PMA : « Les juges ont outrepassé leur rôle »

Propos recueillis par Jamila Aridj
Des femmes qui ont eu recours à la PMA à l’étranger sauront jeudi si la justice prononce l’adoption de leurs enfants, refusée en première instance.

Il y a un an, le tribunal de grande instance de Versailles avait rendu la première décision refusant l’adoption de l’enfant du conjoint dans une famille homoparentale, au motif qu’il avait été conçu à l’étranger par le biais d’une procréation médicalement assistée (PMA). Le premier tribunal de France invoquait « une fraude à la loi ». La Cour de cassation avait été saisie par les tribunaux de grande instance d’Avignon et de Poitiers pour trancher cette question de droit qui suscitait une « instabilité juridique », après des jugements contradictoires.

Dans un avis daté du 22 septembre 2014, la plus haute juridiction de l’ordre judiciaire a clarifié la loi Taubira autorisant le mariage pour les couples du même sexe : elle considère que le recours à la PMA à l’étranger n’est pas « un obstacle » à l’adoption au sein d’un couple de femmes, sous réserve que les autres conditions à l’adoption soient remplies et que ce soit dans l’intérêt de l’enfant. La cour d’appel de Versailles doit de nouveau statuer sur le dossier de ces quatre couples de femmes. Me Caroline Mecary, avocate de l’un des couples, se dit « confiante ». Entretien.

Le Point : Quelle lecture faites-vous de la décision du tribunal de grande instance de Versailles en première instance ?

Me Caroline Mecary : Je note que seule cette juridiction et celle d’Aix-en-Provence ont utilisé l’argument de la « fraude à la loi française » pour expliquer leur refus. Les juges ont délivré une décision militante. Ce tribunal a voulu asseoir sa propre conception de l’adoption. Les avis de la Cour de cassation rendus depuis le confirment.

Qu’est-ce que cet avis a changé ?

Il a clarifié la situation, estimant que le mode de conception de l’enfant, fût-il par le moyen d’une procréation médicalement assistée réalisée à l’étranger, n’est pas un élément qui fait obstacle à ce que l’épouse d’une mère puisse adopter son enfant. Cet avis donne une indication extrêmement claire à tous les juges du fond sur la manière dont on peut prononcer une décision.

La loi autorisant le mariage pour tous permet à un couple de femmes d’adopter l’enfant de leur conjointe en fermant les yeux sur les moyens qui ont permis sa conception. N’est-elle pas inachevée ?

Je ne le pense pas. Le mode de conception ne fait pas partie des conditions que l’on doit examiner pour accepter l’adoption de l’enfant du conjoint. Invoquer le mode de conception, c’est un abus de droit.
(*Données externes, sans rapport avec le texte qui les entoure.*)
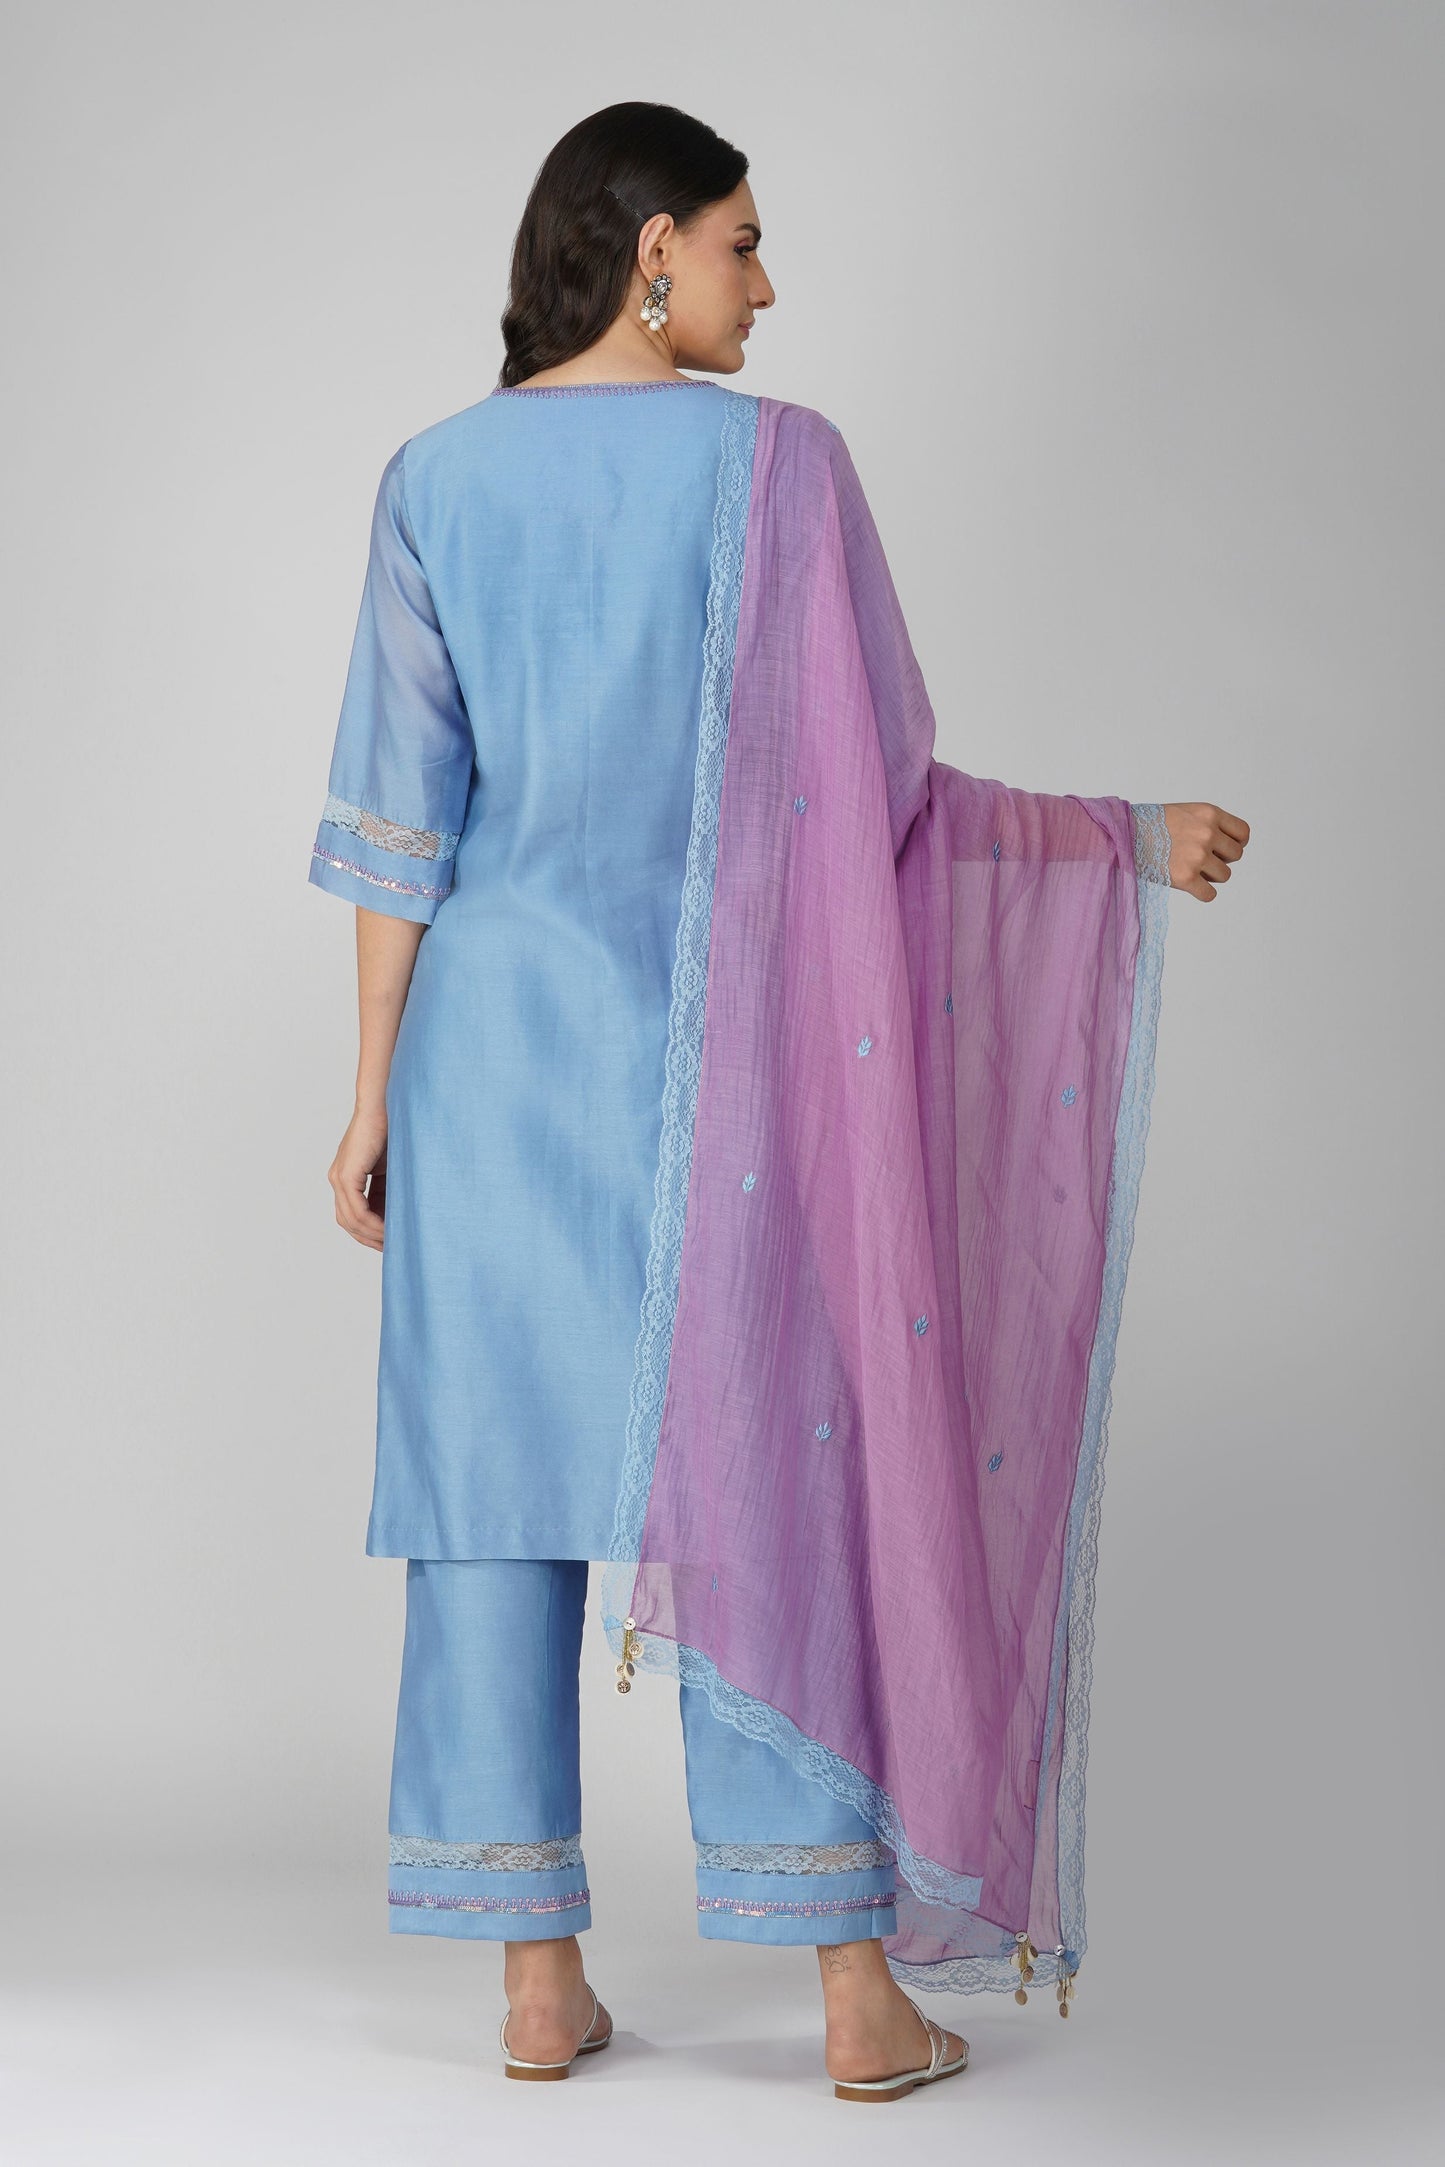 Blue Chanderi Kurta Pant Set at Kamakhyaa by Devyani Mehrotra. This item is Blue, Chanderi, Embellished, Indian Wear, Natural, Party Wear, Purple, Regular Fit, Womenswear

Mes clientes se trouvaient là au mauvais endroit au mauvais moment en présence de mauvais juges qui ont outrepassé leur devoir d’appliquer les règles.

Êtes-vous confiante ?

Oui, parce que je ne vois pas comment la cour d’appel de Versailles peut décider de confirmer la décision prononcée en première instance. Si elle le fait, la Cour de cassation serait saisie et il me semble évident que la haute juridiction ne va pas se déjuger. Elle cassera alors le jugement de la cour d’appel. Je vois mal pourquoi les juges de la cour d’appel prendraient ce risque. Si la cour d’appel prononce l’adoption de ces enfants, elle rétablira une équité en leur prodiguant une « protection juridique » comme celle de pouvoir porter le nom de sa mère adoptive et hériter d’elle.